Interface for datasets that are too large to use `InMemoryDataset`

hatemhelal commented 2 years ago

🚀 The feature, motivation and pitch

There are several examples of datasets for molecular property prediction where each individual graph example easily fits in memory but there are too many examples to fit within the InMemoryDataset interface. One solution is to save each example in its own .pt file but this introduces a significant filesystem overhead to access each example.

A better solution is to partition the data such that there are many graphs serialised within a single .pt file. The number of graphs can be considered a chunk_size parameter which is independent from the training batch_size. This ChunkedDataset interface would be expected to scale to as large a dataset as desired while avoiding the significant overhead of having one graph per file.

The design idea is roughly:

ChunkedDataset inherits from the PyG Dataset interface
Accepts a chunk_size argument
Has an abstract method process_chunk that accepts a list of data objects that can be processed and saved as a single .pt file.

Other considerations:

The training batch size should not depend on the chunk_size so the dataset
ChunkedDataset should support splitting to read from parallel workers as well as random shuffling

Alternatives

No response

Additional context

No response

rusty1s commented 2 years ago

These are all pretty good thoughts.

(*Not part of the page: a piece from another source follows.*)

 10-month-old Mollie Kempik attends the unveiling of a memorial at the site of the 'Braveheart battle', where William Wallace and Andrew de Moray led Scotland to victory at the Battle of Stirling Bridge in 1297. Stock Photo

The ChunkedDataset API looks good to me. One additional consideration is that a ChunkedDataset likely requires modification to torch_geometric.data.DataLoader as well. We have two options here:

chunked_dataset[0] returns a batch of graphs/list of graphs, and DataLoader(chunked_dataset, batch_size=4) determines how many chunks we want to batch together. This requires additional logic during collate_fn.
chunked_dataset acts as a regular dataset where chunked_dataset[0] returns a single graph, but caches remaining data of that chunk in memory for faster access. This likely requires implementing our own sampler logic during data loading to guaranteee that consecutive examples are accessed (independent of shuffle=True)

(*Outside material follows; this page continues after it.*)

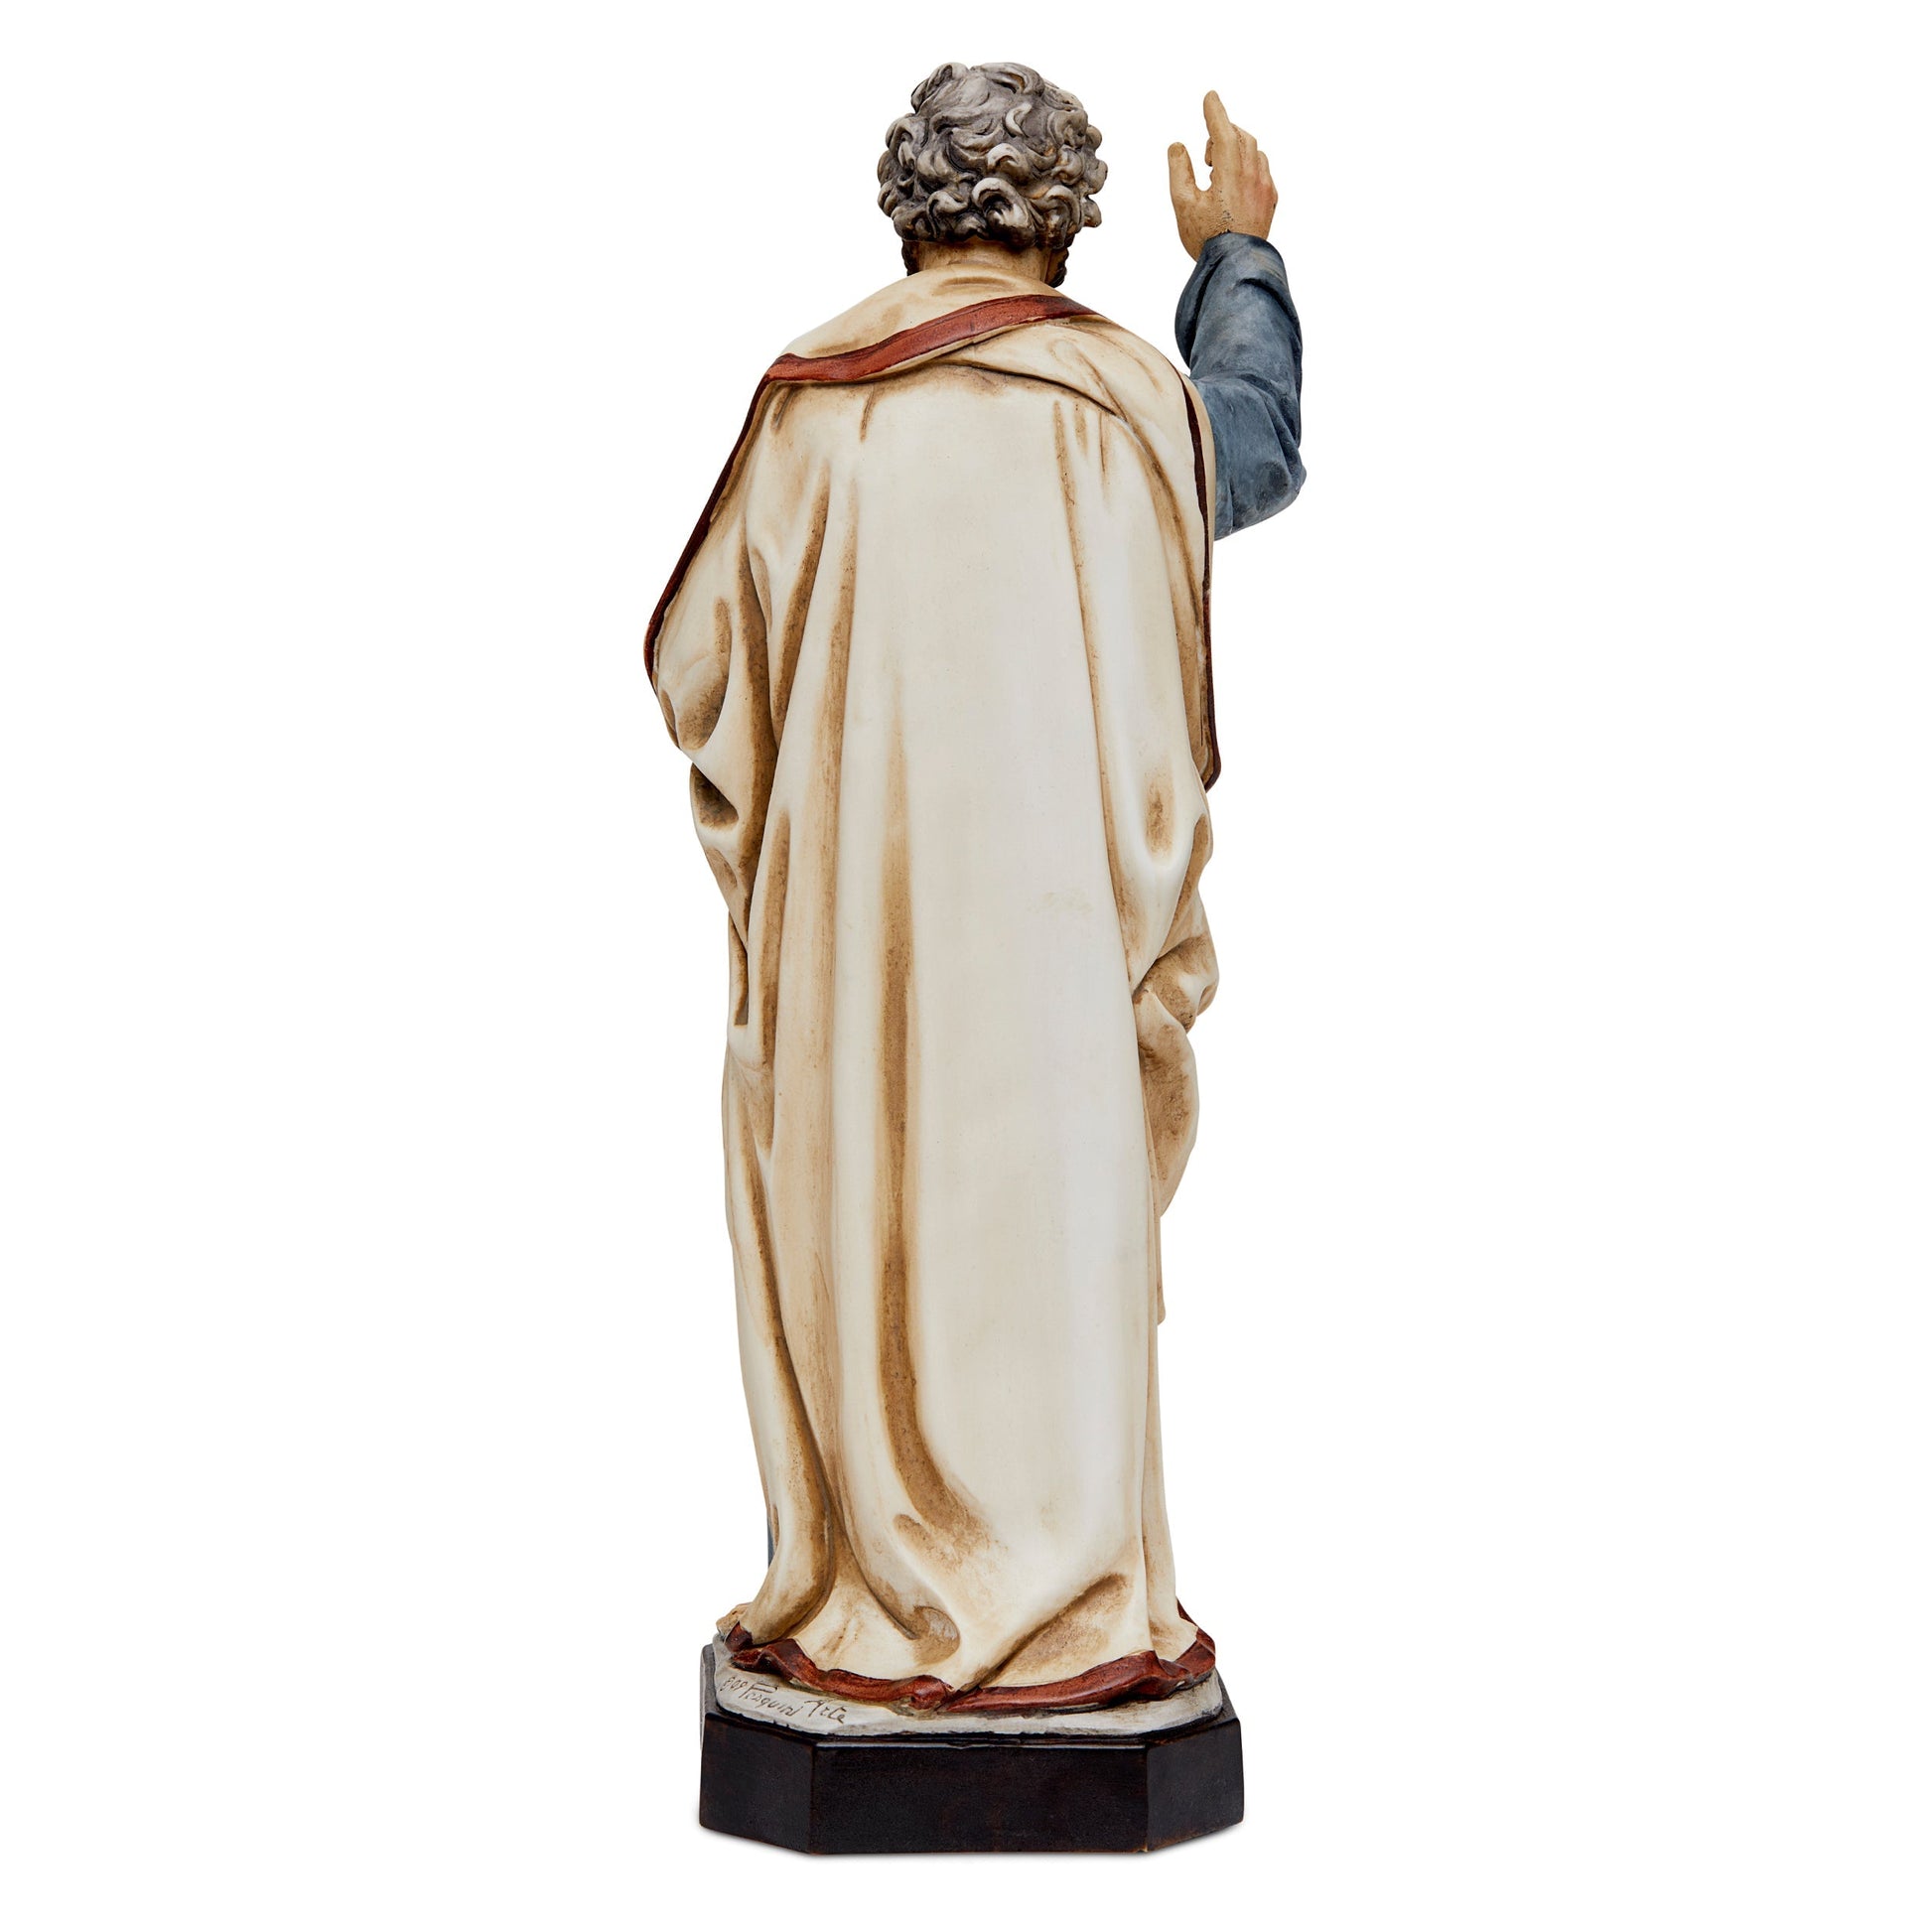 Mondo Cattolico 30 cm (11.81 in) Resin Statue of St. Peter the Apostle

Padarn commented 2 years ago

Interesting idea for a feature: Seems like something a lot of people could possibly use.

Just wanted to query a bit on

One solution is to save each example in its own .pt file but this introduces a significant filesystem overhead to access each example. Have you run any benchmarks on this? I don't know how big the graphs are usually, but I'm just curious how big of a difference the IO operations make to the overall processing rate.

Reason I ask is that chunking in files will make shuffle=True not actually shuffle randomly, and I'm wondering if there is a way we can retain this functionality. But maybe this is not important at all, just a thought :-)

rusty1s commented 2 years ago

Reason I ask is that chunking in files will make shuffle=True not actually shuffle randomly, and I'm wondering if there is a way we can retain this functionality. But maybe this is not important at all, just a thought :-)

Yes, with this approach, we would only be able to shuffle chunks of graphs together to form a mini-batch. An alternative solution might be to utilize some database system (e.g., RocksDB) and save and load your data from there.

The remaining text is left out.